BEGIN Records shown
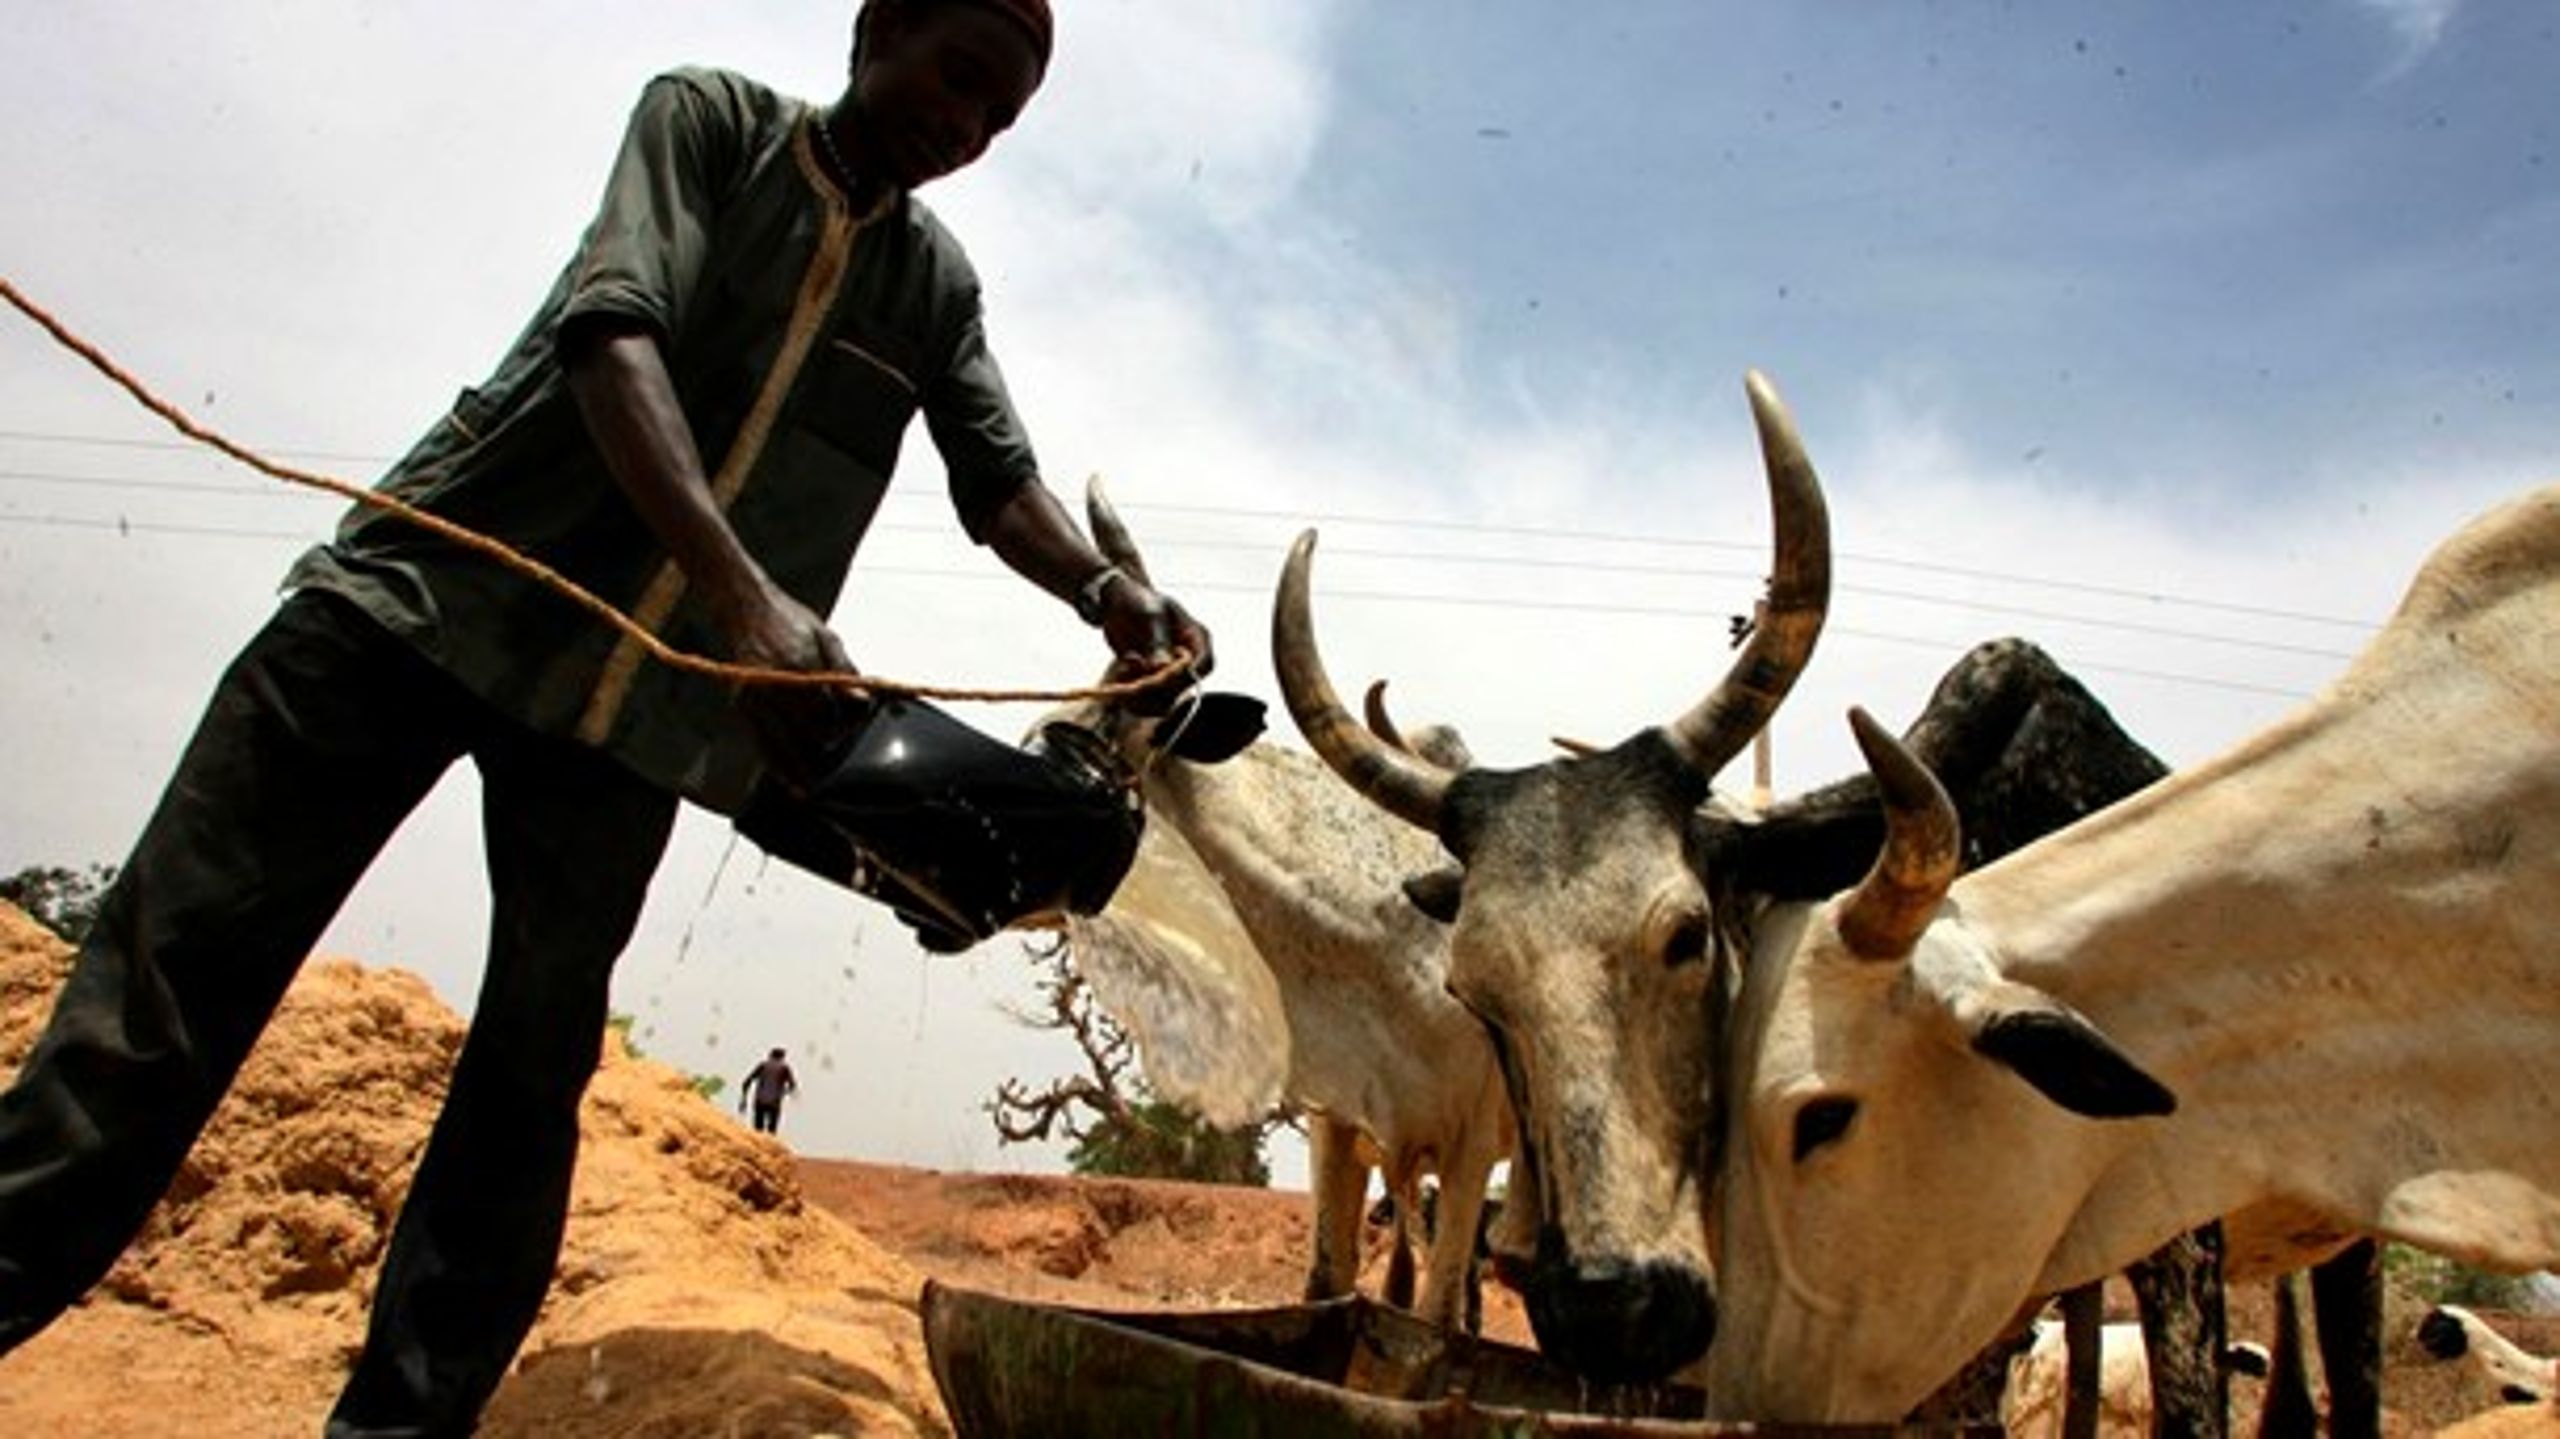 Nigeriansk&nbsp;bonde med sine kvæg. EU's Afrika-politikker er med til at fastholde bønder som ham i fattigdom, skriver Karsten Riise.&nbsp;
END Records shown
BEGIN Records shown
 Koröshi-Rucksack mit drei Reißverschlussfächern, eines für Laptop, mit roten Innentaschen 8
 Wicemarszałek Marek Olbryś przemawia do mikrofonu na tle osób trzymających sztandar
END Records shown
BEGIN Records shown
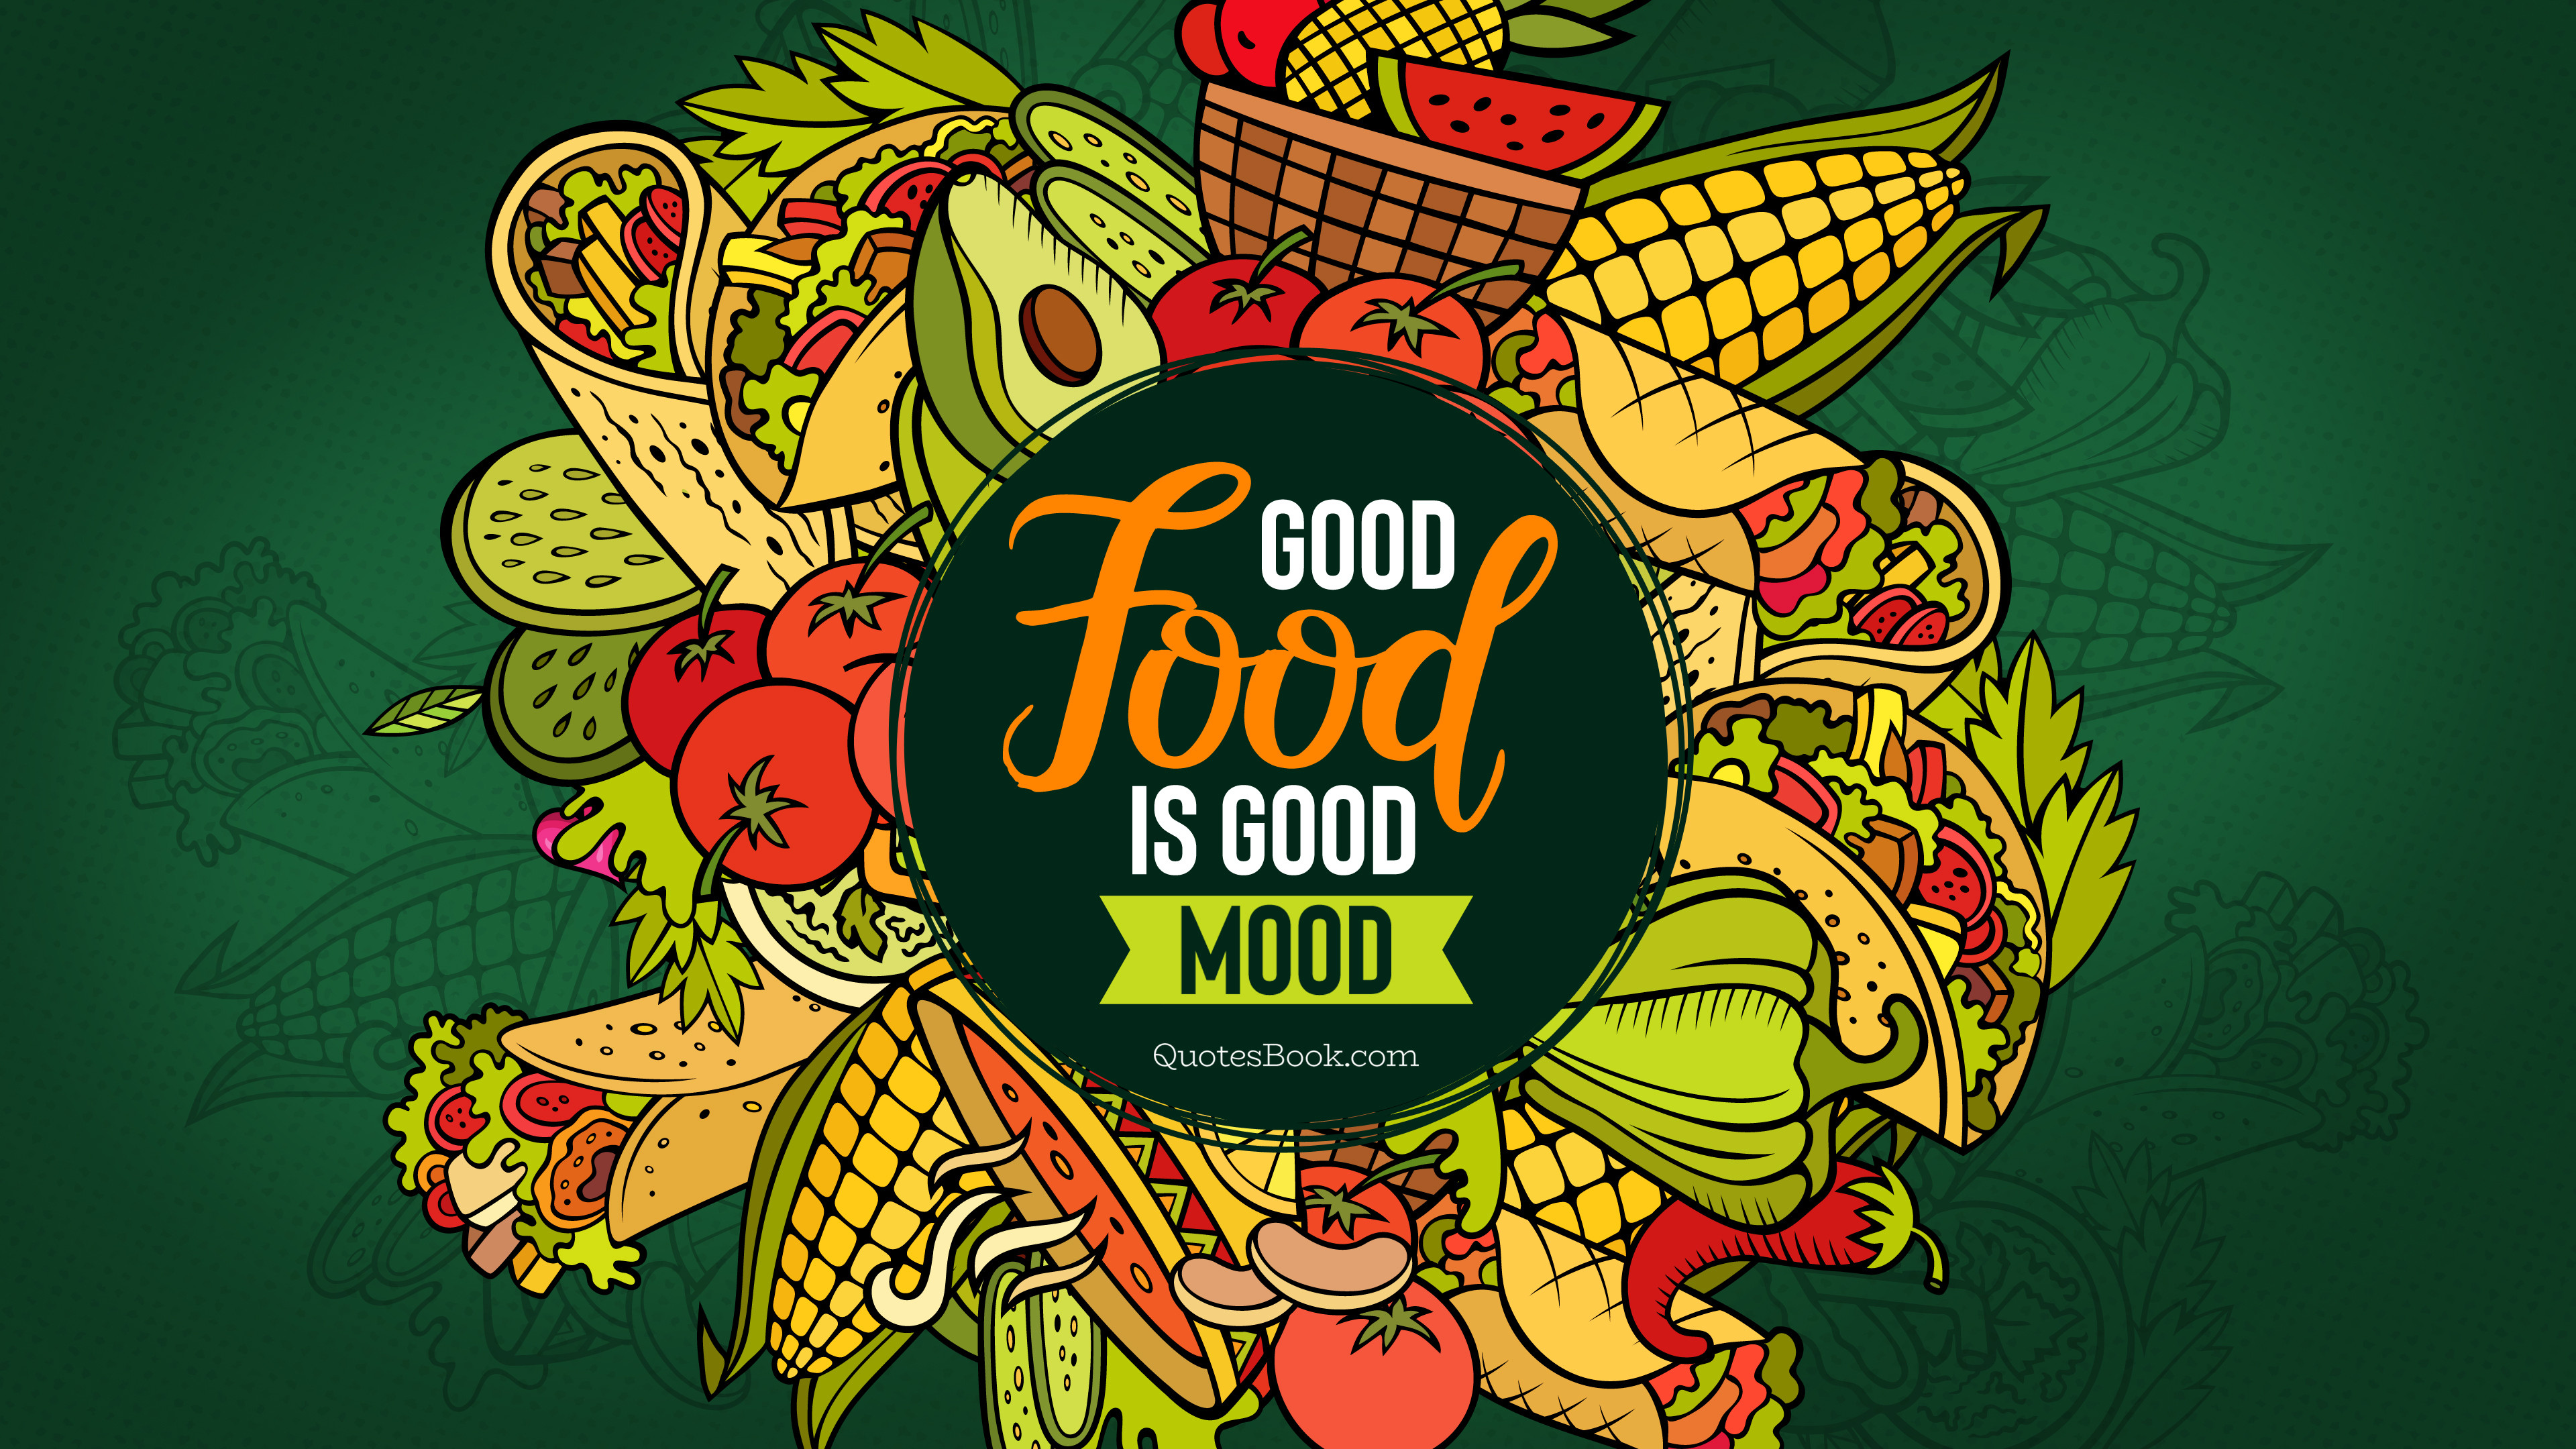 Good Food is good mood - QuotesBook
END Records shown
__What is expected__
Among the records above, extract exactly the lines from the line with "Koröshi-Rucksack mit drei" to the line with "Wicemarszałek Marek Olbryś", both lines included, and leave out the rest.

__Result for this task__
 Koröshi-Rucksack mit drei Reißverschlussfächern, eines für Laptop, mit roten Innentaschen 8
 Wicemarszałek Marek Olbryś przemawia do mikrofonu na tle osób trzymających sztandar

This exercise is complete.